# WHAT YOU WILL DO
Leave the pictures out, and repeat exactly every line from the one with "Old Rare Medical" through the end of the data below.

# DATA BLOCK
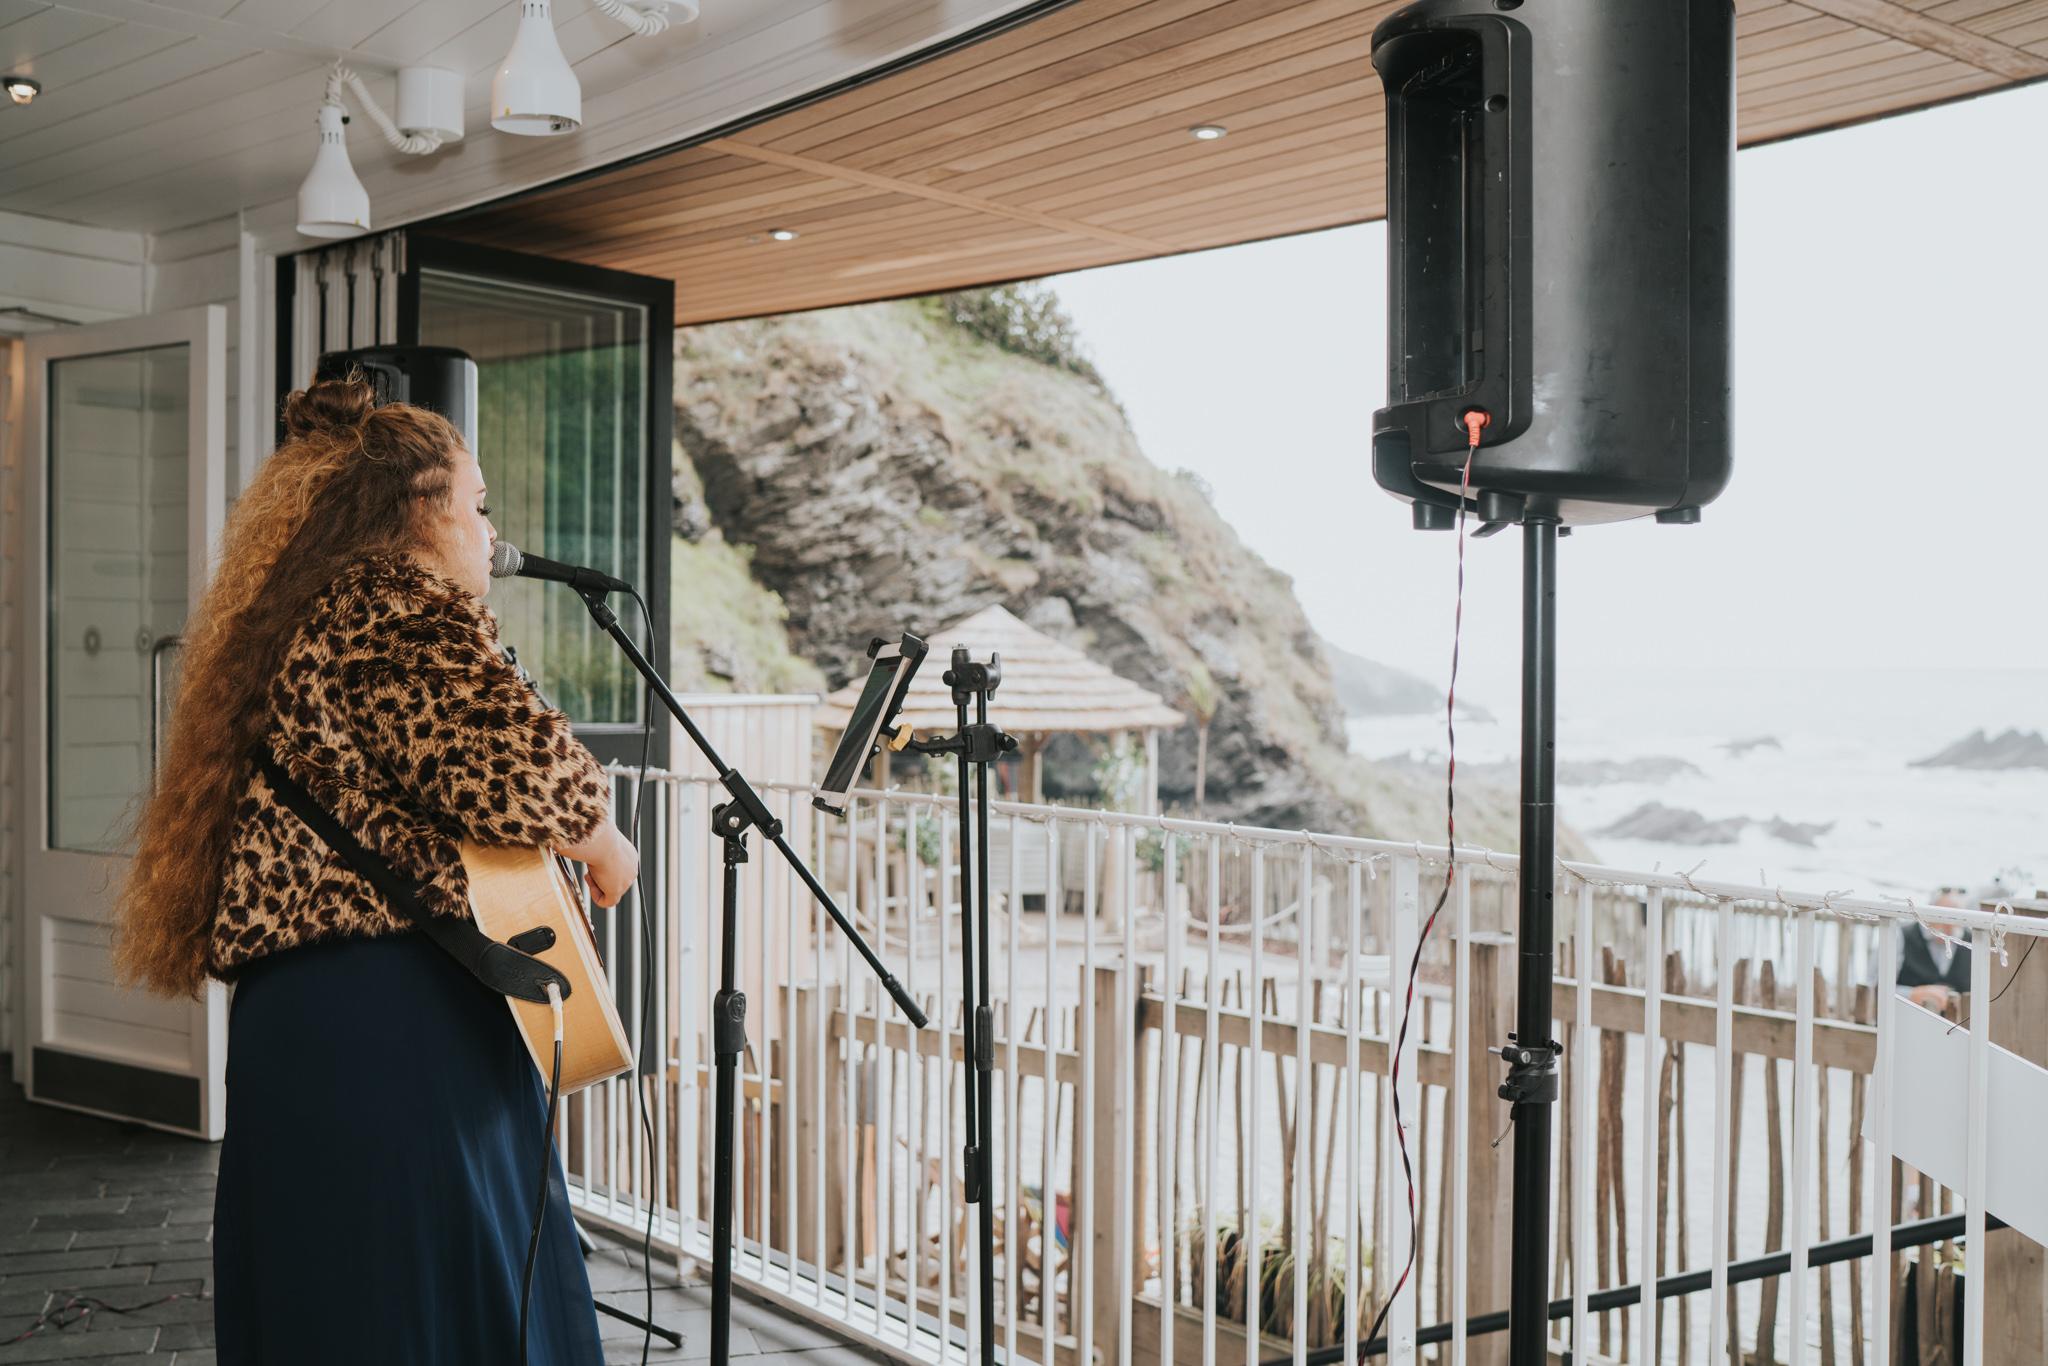 john-amy-relaxed-beach-wedding-tunnels-beaches-ilfracombe-north-devon-grace-elizabeth-colchester-essex-alternative-relaxed-wedding-photography-devon-suffolk-norfolk-essex (85 of 159).jpg
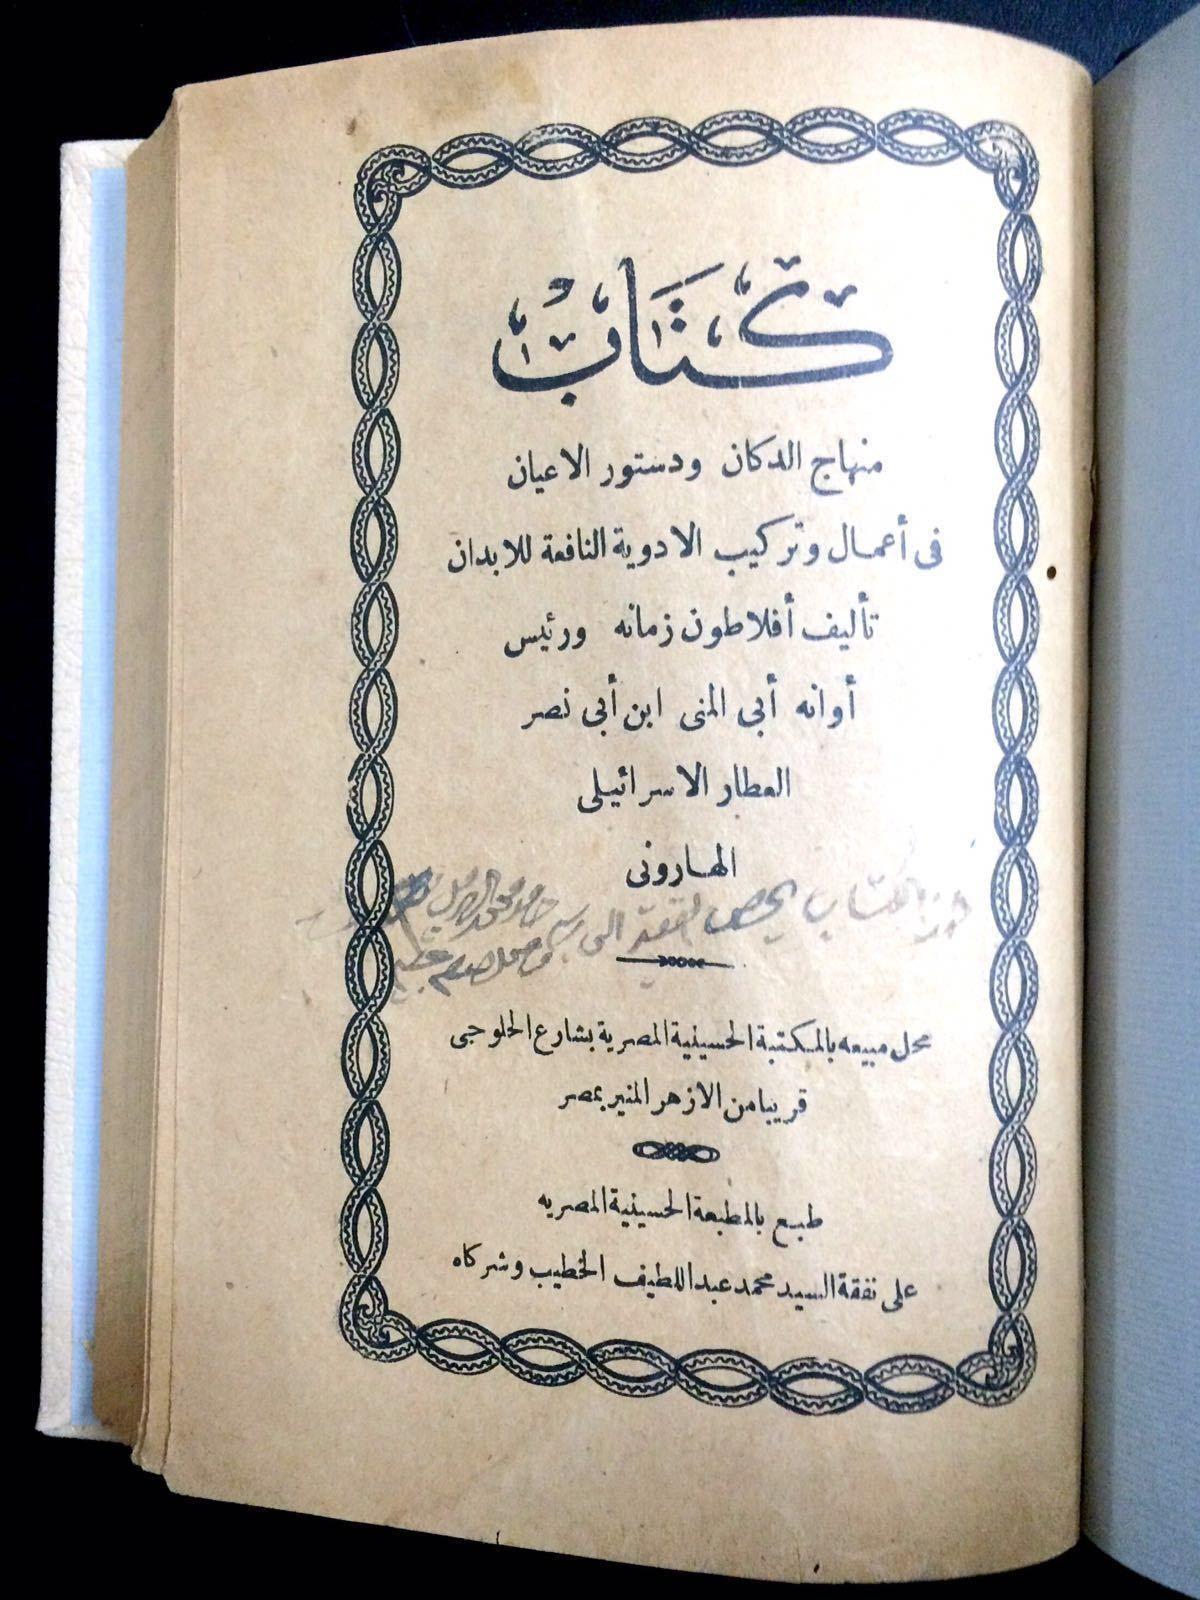 Old Rare Medical Book In Arabic P In 1912 In Cairo Menhag Al Dokkan Cairo Medical Olds
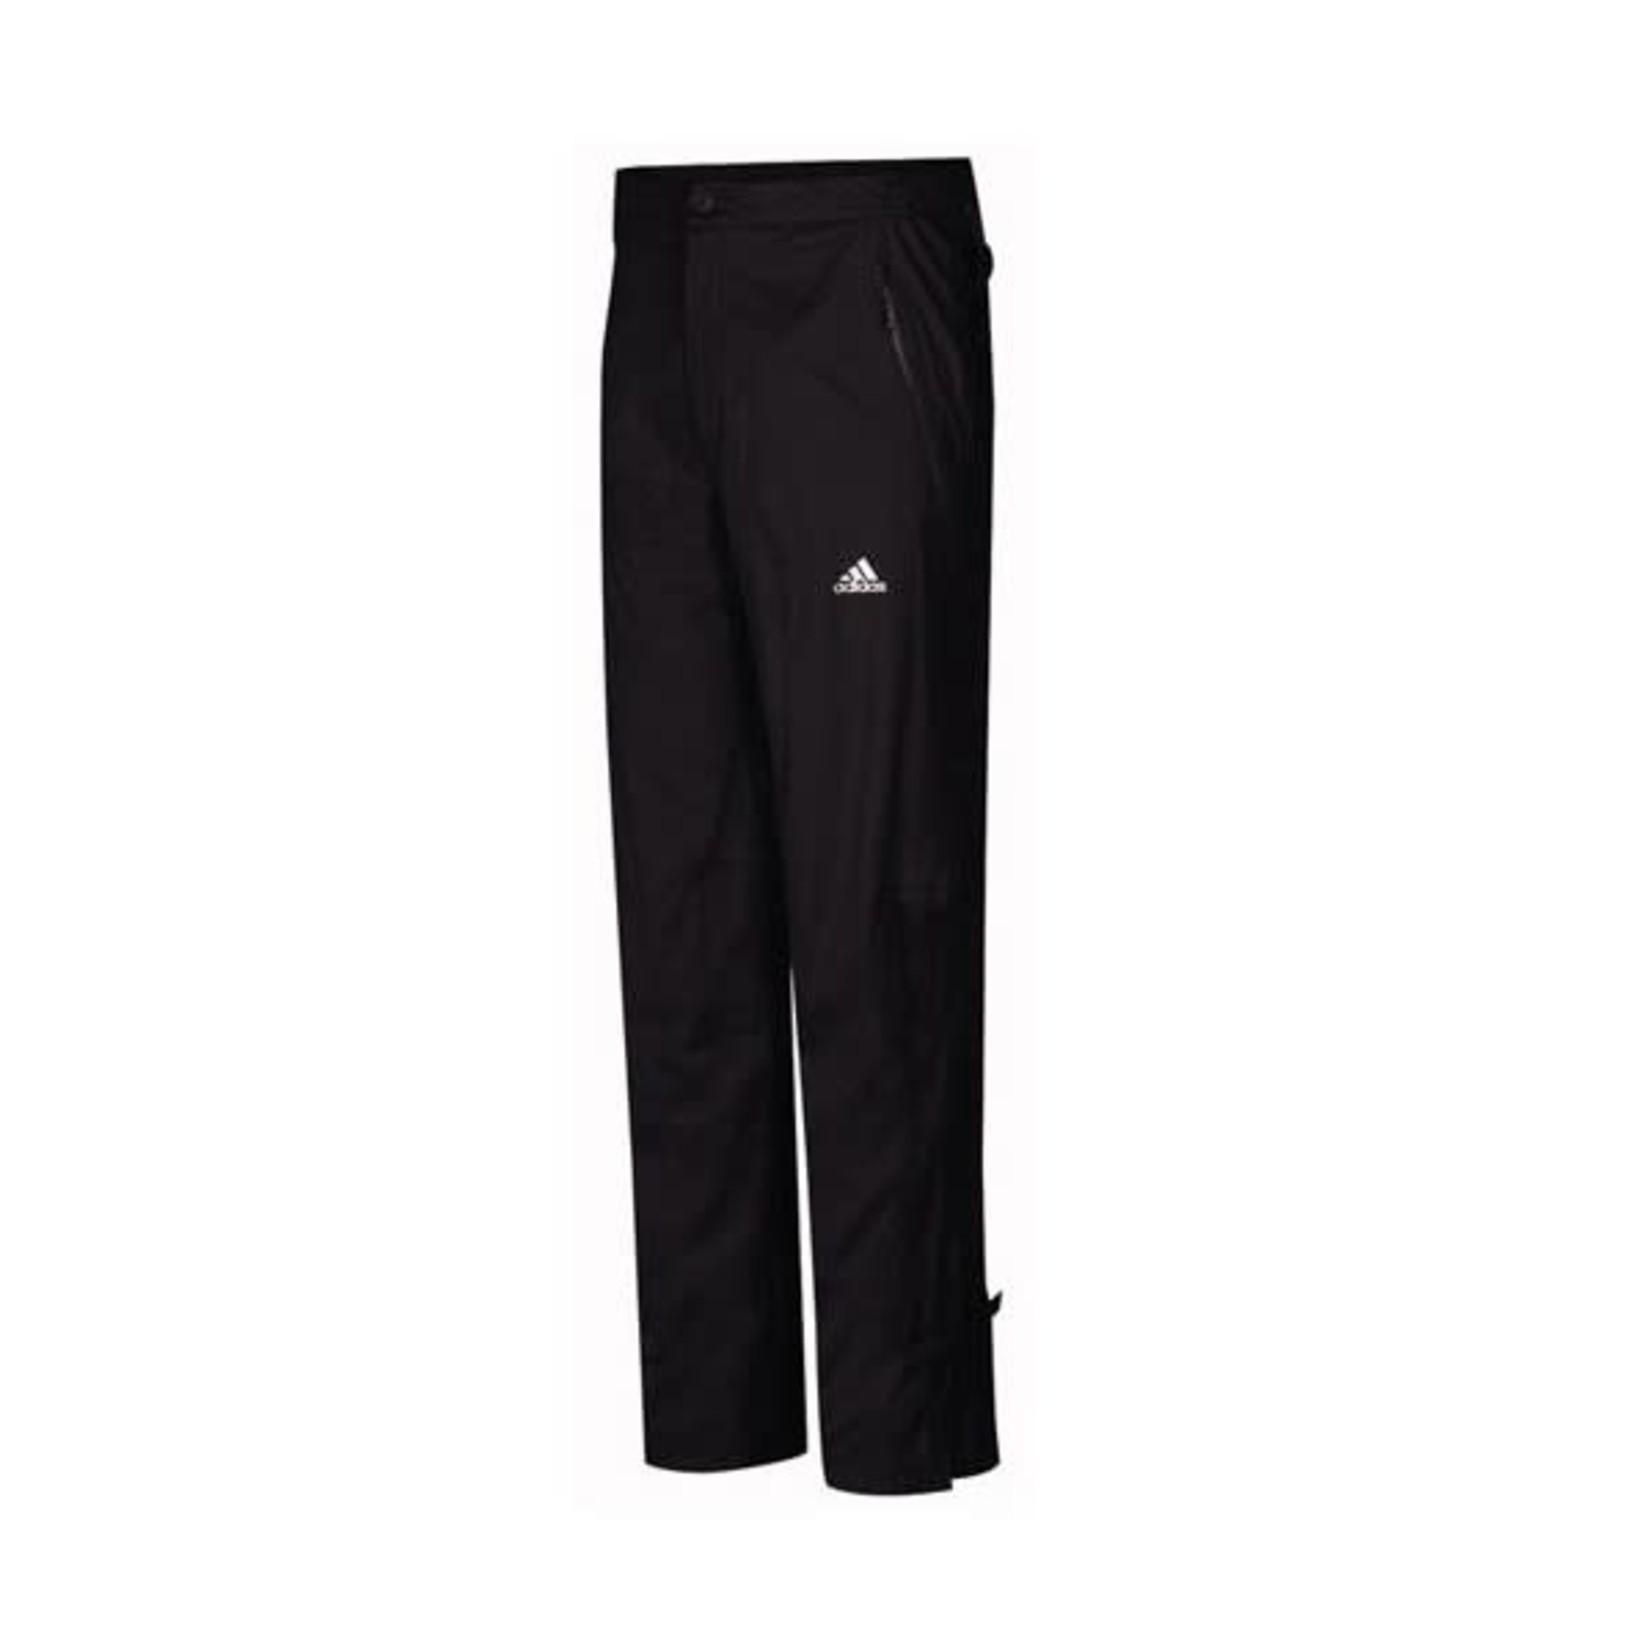 Adidas Adidas Climaproof Storm Pant black XXL

# THE ANSWER
 Old Rare Medical Book In Arabic P In 1912 In Cairo Menhag Al Dokkan Cairo Medical Olds
 Adidas Adidas Climaproof Storm Pant black XXL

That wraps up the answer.